In 2012, Webb was listed as the starting left tackle ahead of Chris Williams. In 2013, after the Bears signed Jermon Bushrod, Webb shifted to right tackle. On August 30, 2013, Webb was placed on  waivers by the Bears.

Minnesota Vikings
On September 1, 2013, Webb was claimed off waivers by the Minnesota Vikings. On December 17, 2013, he was waived by the Minnesota Vikings.

Kansas City Chiefs
On May 19, 2014, Webb was signed by the Kansas City Chiefs.
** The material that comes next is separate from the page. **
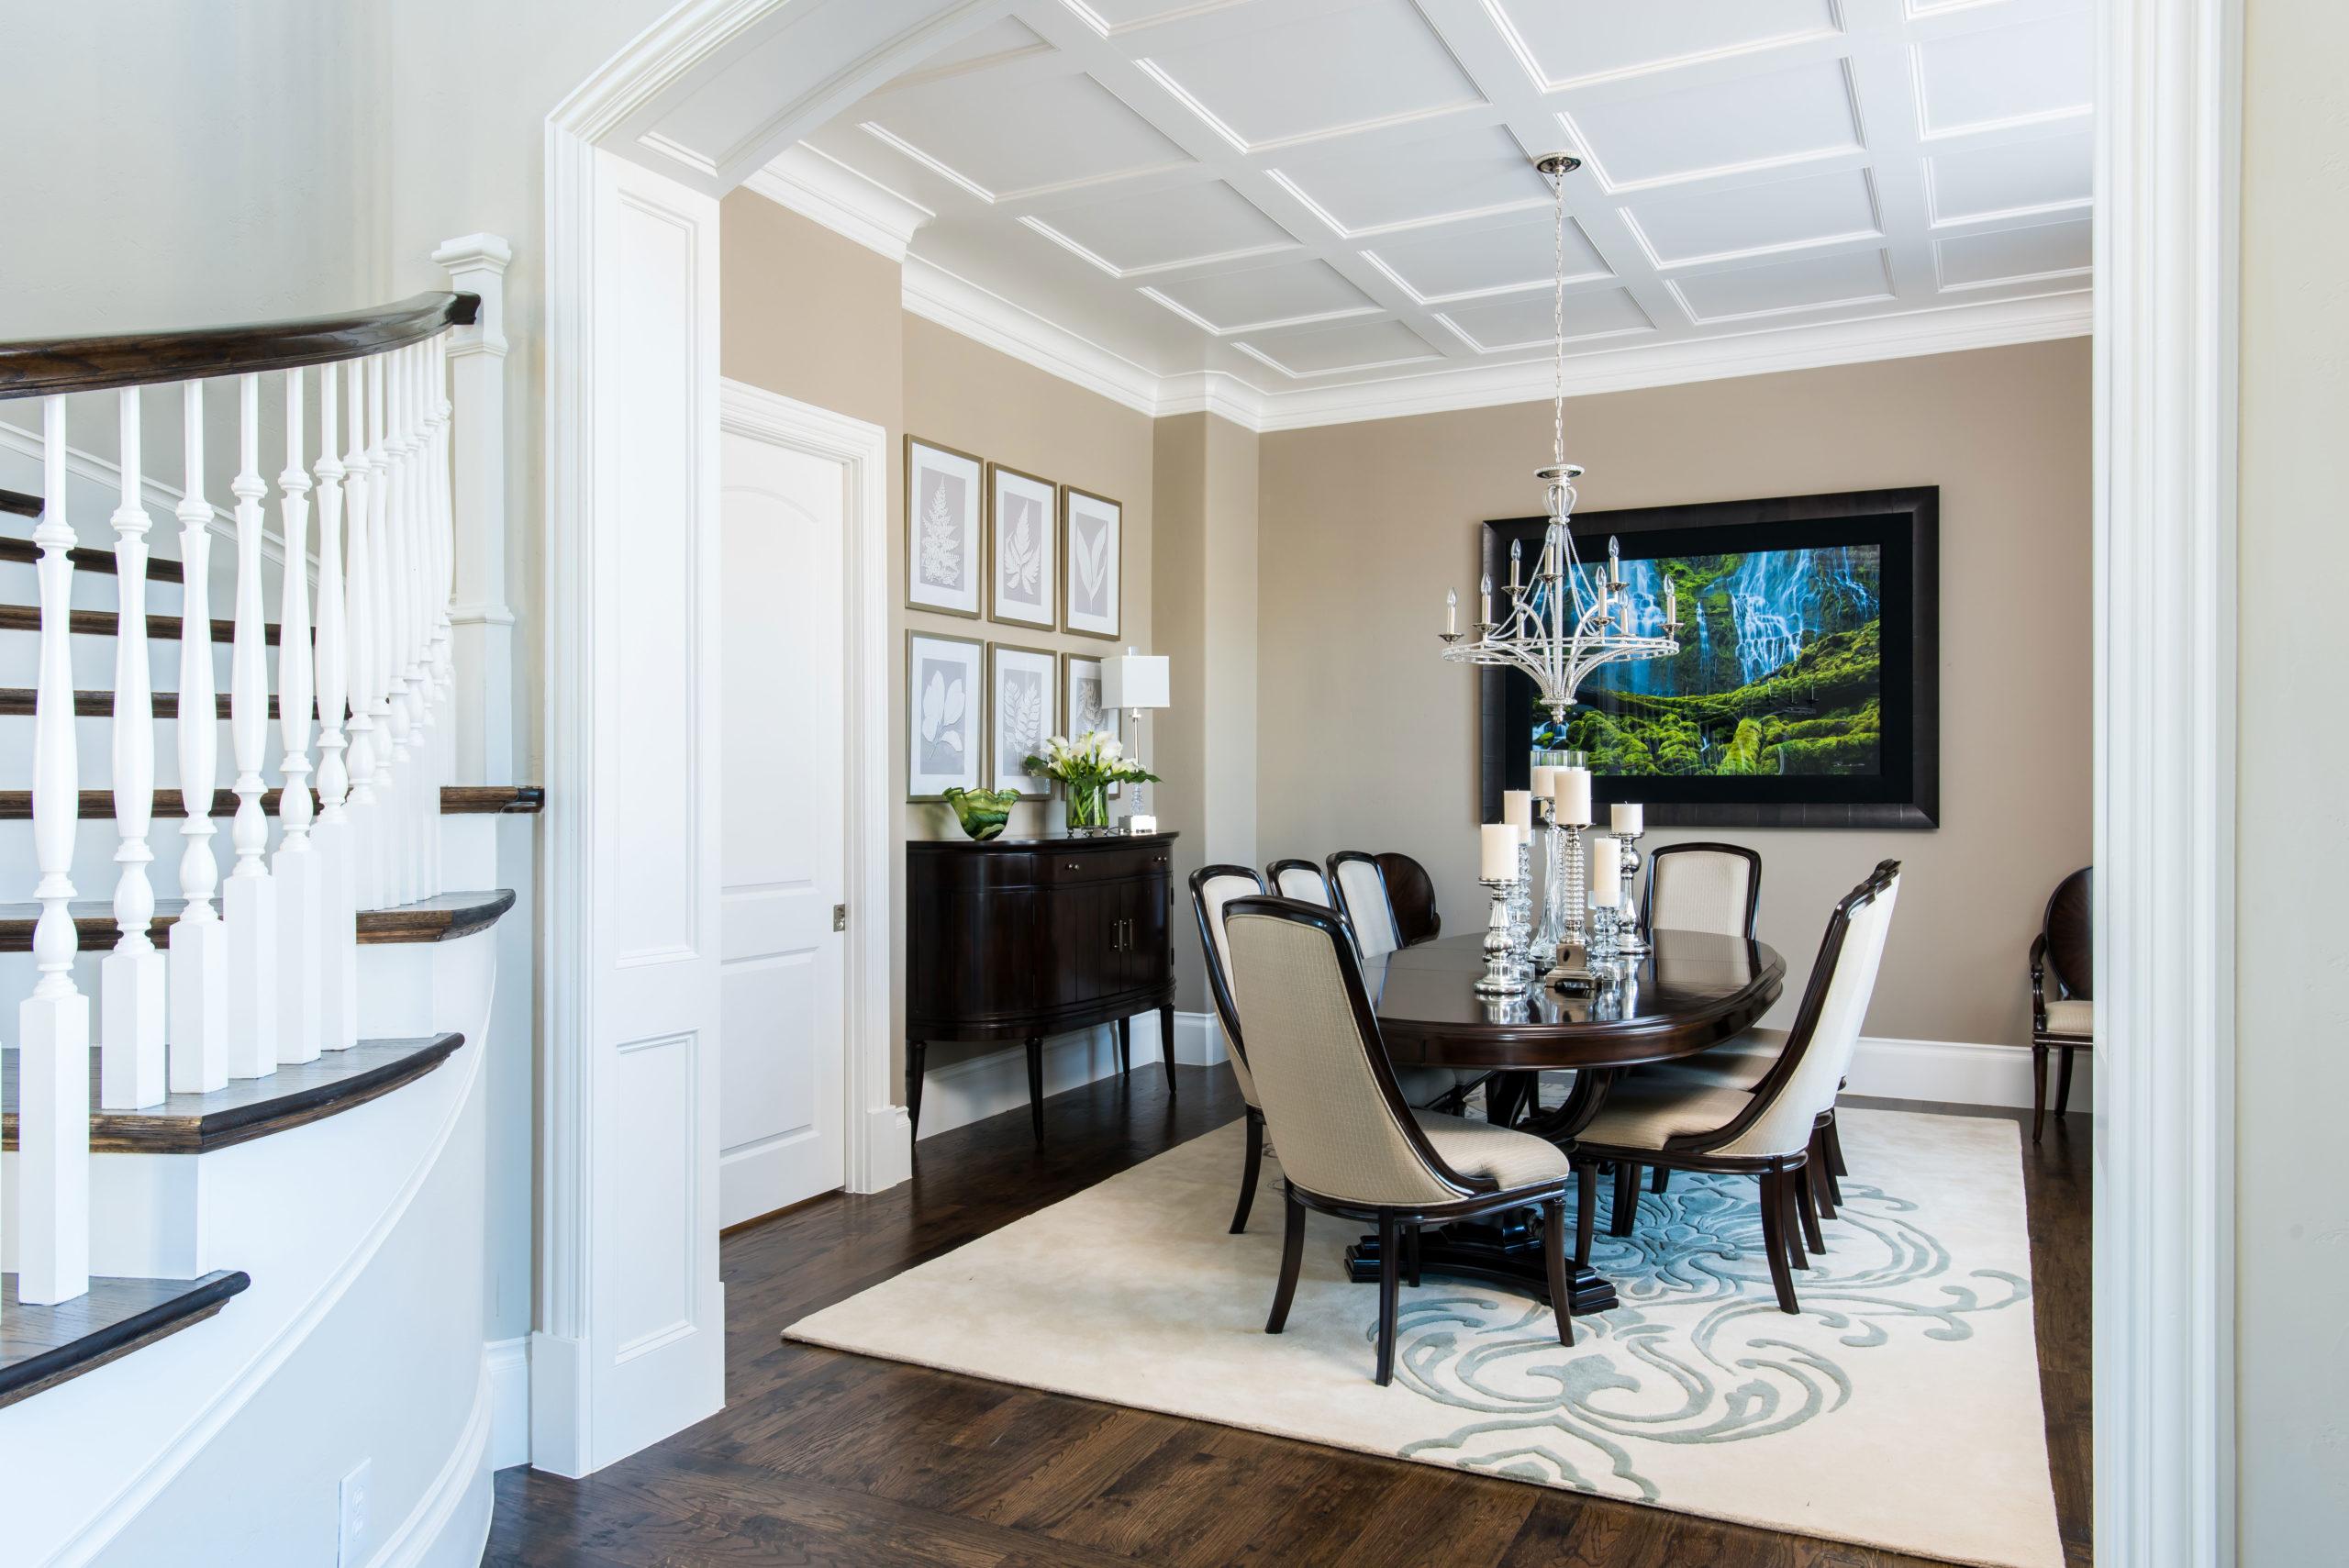 Calm Serenity 4 - Dallas Interior Designer serving Plano, Frisco, Dallas, Allen for Decorating Den Interiors D'KOR HOME by Dee Frazier Interiors

He was released on August 30, 2014.

Oakland Raiders
On April 2, 2015, Webb signed a one-year, $745,000 free agent contract with the Oakland Raiders.

Seattle Seahawks
On March 15, 2016, the Seattle Seahawks signed Webb to a two-year, $5.75 million free agent contract that includes $2.45 million guaranteed and a signing bonus of $1.20 million. Webb was slated to be the starting right tackle but suffered a knee injury and was replaced by Garry Gilliam. He was released by the Seahawks on November 22, 2016.

Webb was suspended the first four games of the 2017 season on January 21, 2017.

Indianapolis Colts
On July 30, 2018, Webb signed with the Indianapolis Colts. Webb started Week 1 at right tackle but sustained a hamstring injury and was placed on injured reserve on September 11, 2018.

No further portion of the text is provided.